6.NS.A Apply and extend previous understandings of multiplication and division to divide fractions by fractions.

• Unit 4 Lessons 1 through 4 include tasks that revisit prior-grade work with division. Lesson 1 begins the unit with a foundation of how the size of the divisor affects the size of the quotient, Lesson 2 attends to the different meanings of division, and in Lesson 3 there are interpreting division situations which are aligned to the cluster heading of applying and extending previous learnings of multiplication of division to divide fractions by fractions with understanding.

6.EE.A Apply and extend previous understandings of numbers to the system of rational numbers.

• In Unit 6 Lesson 7 Overview, students connect using number lines and contextual situations to “understand” the terms “positive number” and “negative number,” “understand and use absolute value notation,” and “understand” the concept of “infinitely many solutions.” Extending previous number understandings to rational number concepts is present throughout the unit, especially as it relates to previous understanding of number on continuous models like the number line and coordinate plane.

6.G.A Solve real-world and mathematical problems involving area, surface area, and volume.

• The Unit 1 Course Guide description states explicitly that mathematical problems are used for problem exploration because “tasks set in real-world contexts that involve areas of polygons are often contrived and hinder rather than help understanding.” Lessons 1 through 11 reflect an explicit alignment to the cluster heading regarding area, and Lessons 12 through 18 connect with surface area.
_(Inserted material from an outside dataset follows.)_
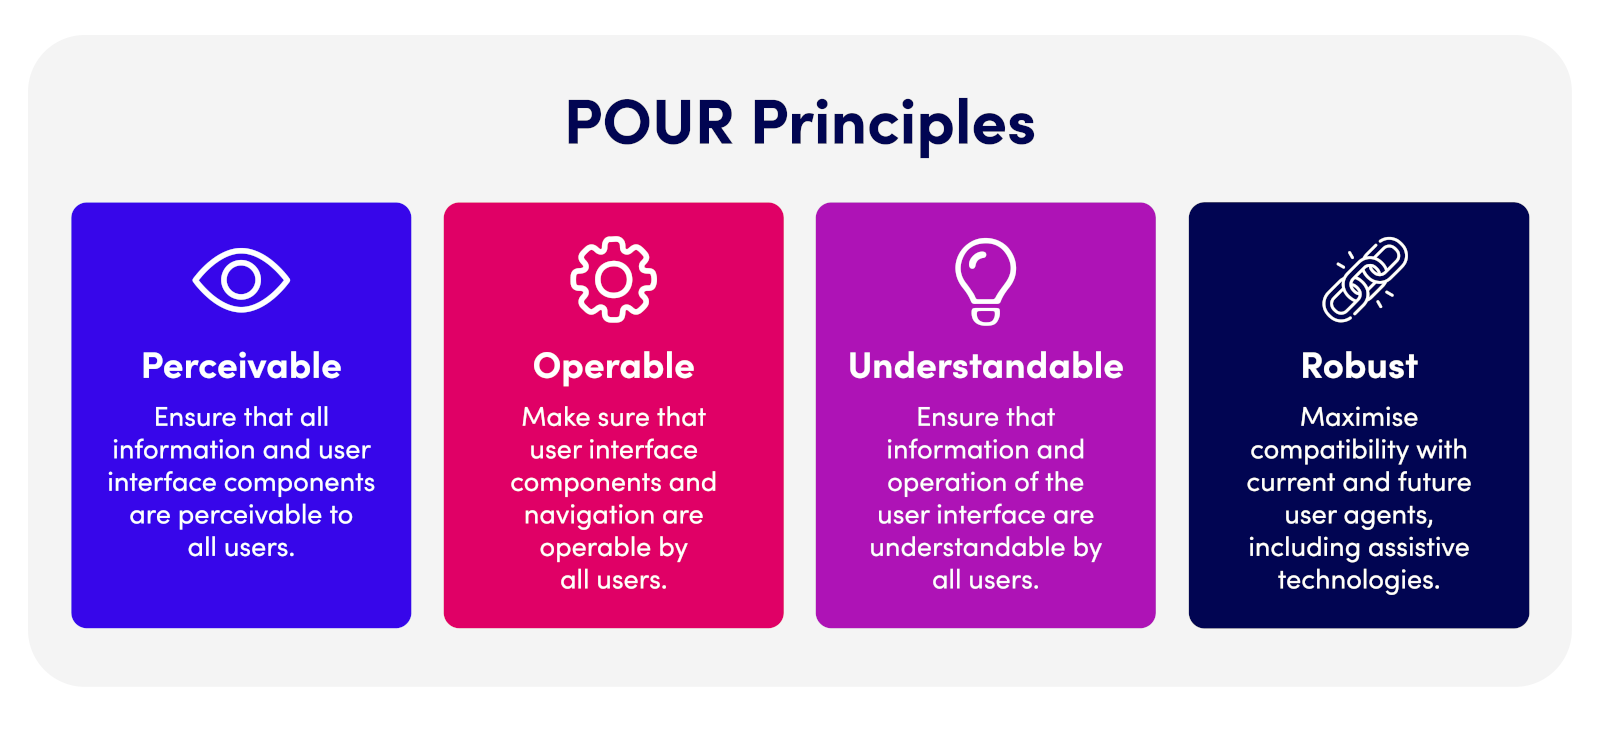 The Inclusive design principles: perceivable, operable, understandable and robust

Lesson 19 closes the unit with tasks which include real-world contexts and mathematical modeling using concepts developed over the unit.

Materials consistently include problems and activities that connect two or more clusters in a domain or two or more domains in a grade, in cases where these connections are natural and important. Multiple examples of tasks connecting standards within and across clusters and domains are present. These connections build deeper understanding of grade-level concepts and the natural connections which exist in mathematics.
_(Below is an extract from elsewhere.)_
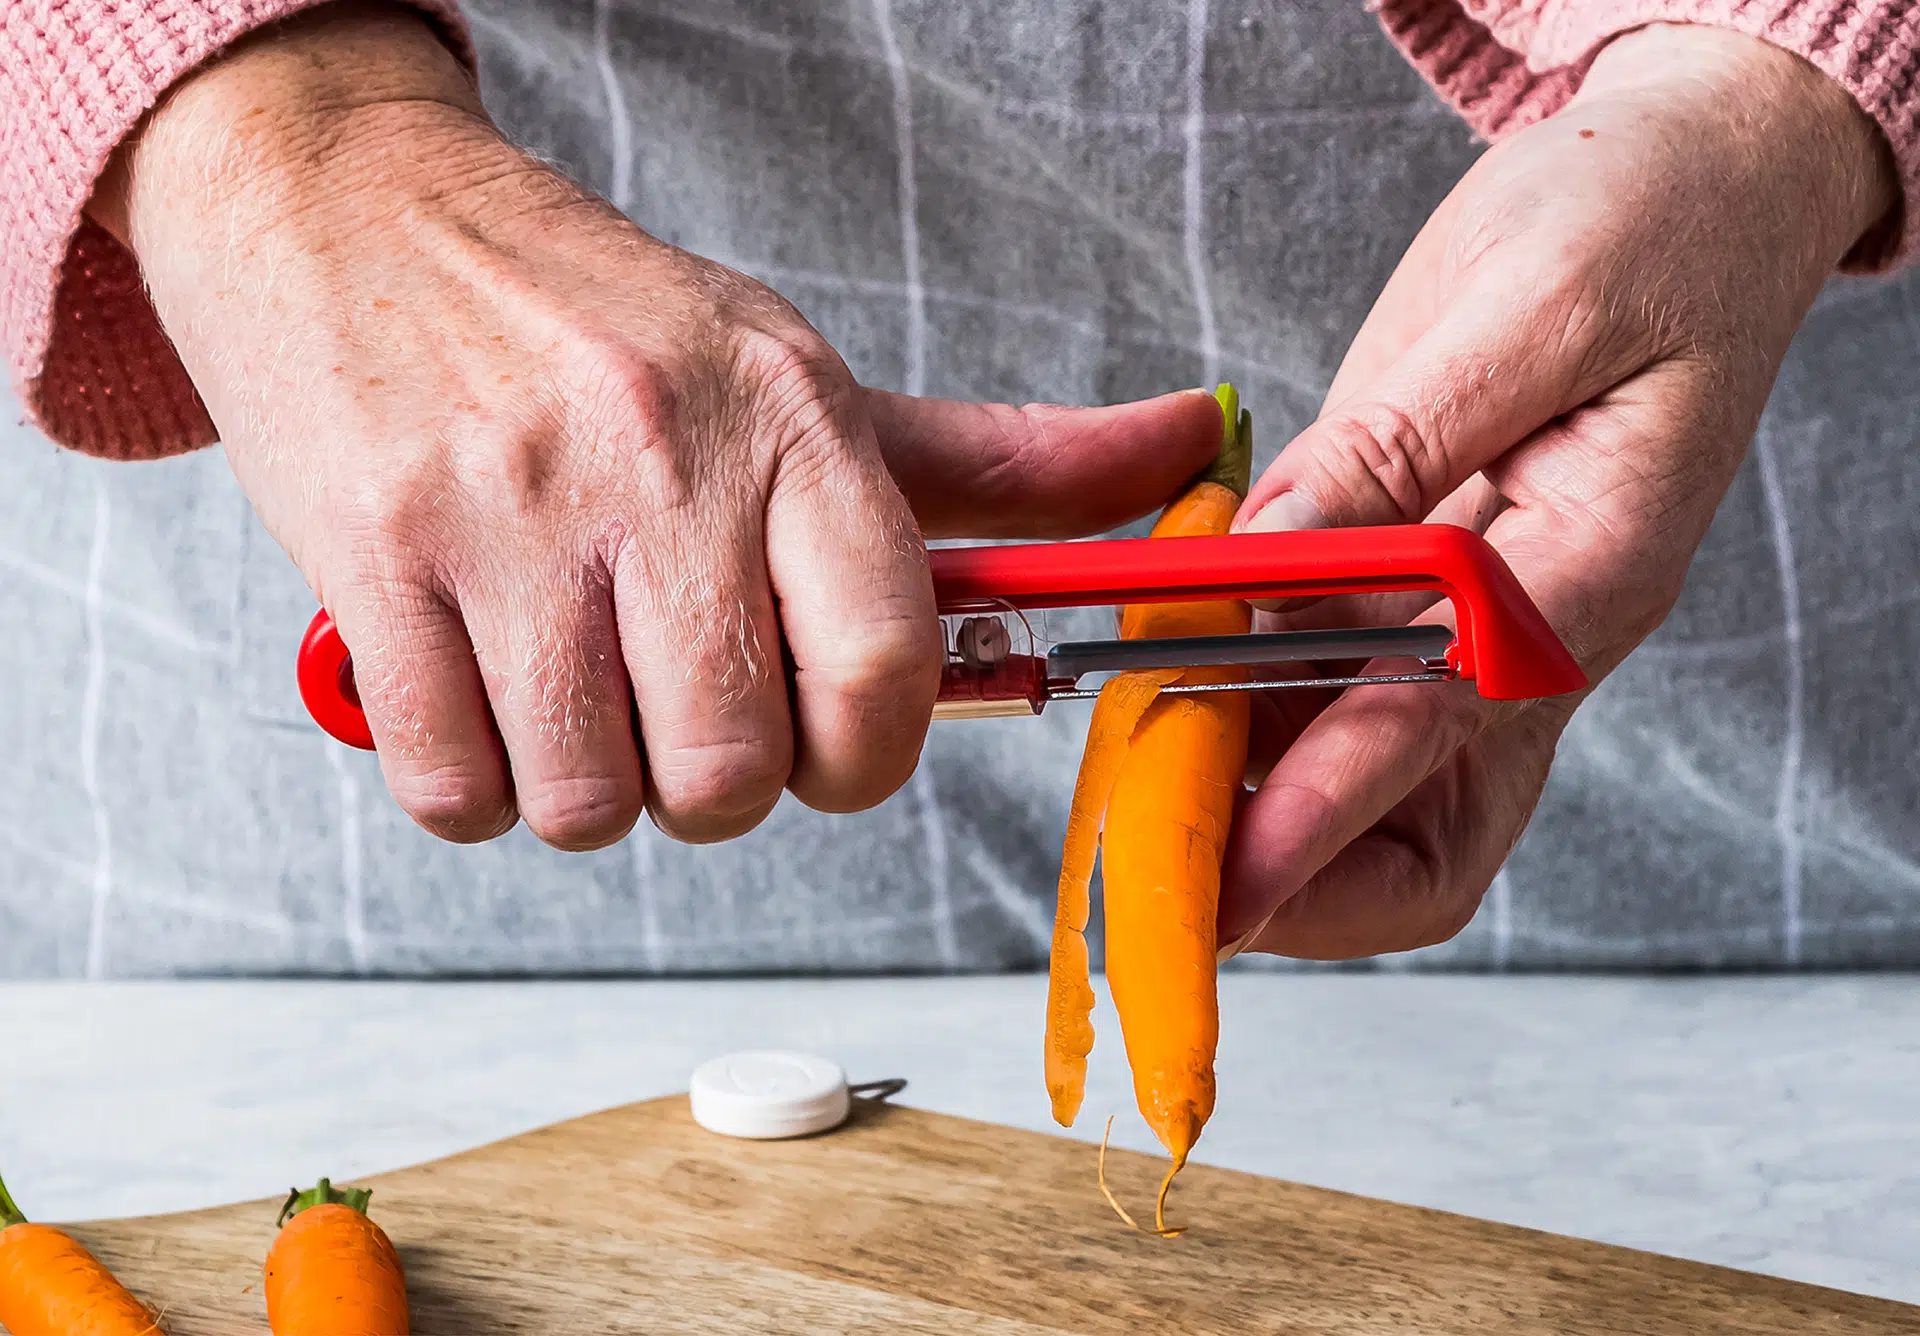 6 Clever Ways to Use a Vegetable Peeler

• Unit 1 Lesson 5 Activities connect standards 6.G.1 and 6.EE.2 when formulas are derived for finding the area of special quadrilaterals and triangles by evaluating expressions. Lessons 9 and 10 continue to develop these two domains simultaneously as students write, read, and evaluate expressions from formulas.

• Unit 4 Lesson 4 standards 6.G.1, 6.G.2, and 6.NS.1 are connected when finding and using fractional dimensions of triangles and prisms by multiplying and dividing rational values to calculate area or volume or to find specific dimensions of the given shape.

• Unit 6 Lessons 16 and 17 address both 6.EE.9 and 6.RP.3b. Students extend prior learning with ratio understanding and equivalent ratios in a paint-mixing context, write equations that show a relationship between two quantities, and explore dependent and independent variable relationships. Students create tables of values, graph them, and explore the patterns they see.

• In Unit 8 Lesson 9, students determine the mean for a numerical data set and understand the interpretation of the mean as a "leveling out" of the data or an indication of "fair share" as well as understand that the mean is a measure of center that summarizes the data using a single number, thus connecting clusters 6.SP.A and 6.SP.B.

• The Unit 8 Lesson 12 Warm-Up builds fluency with dividing by decimal values (6.NS.3) in order to calculate mean and MAD (6.SP.5c) more efficiently in the two Activities that follow.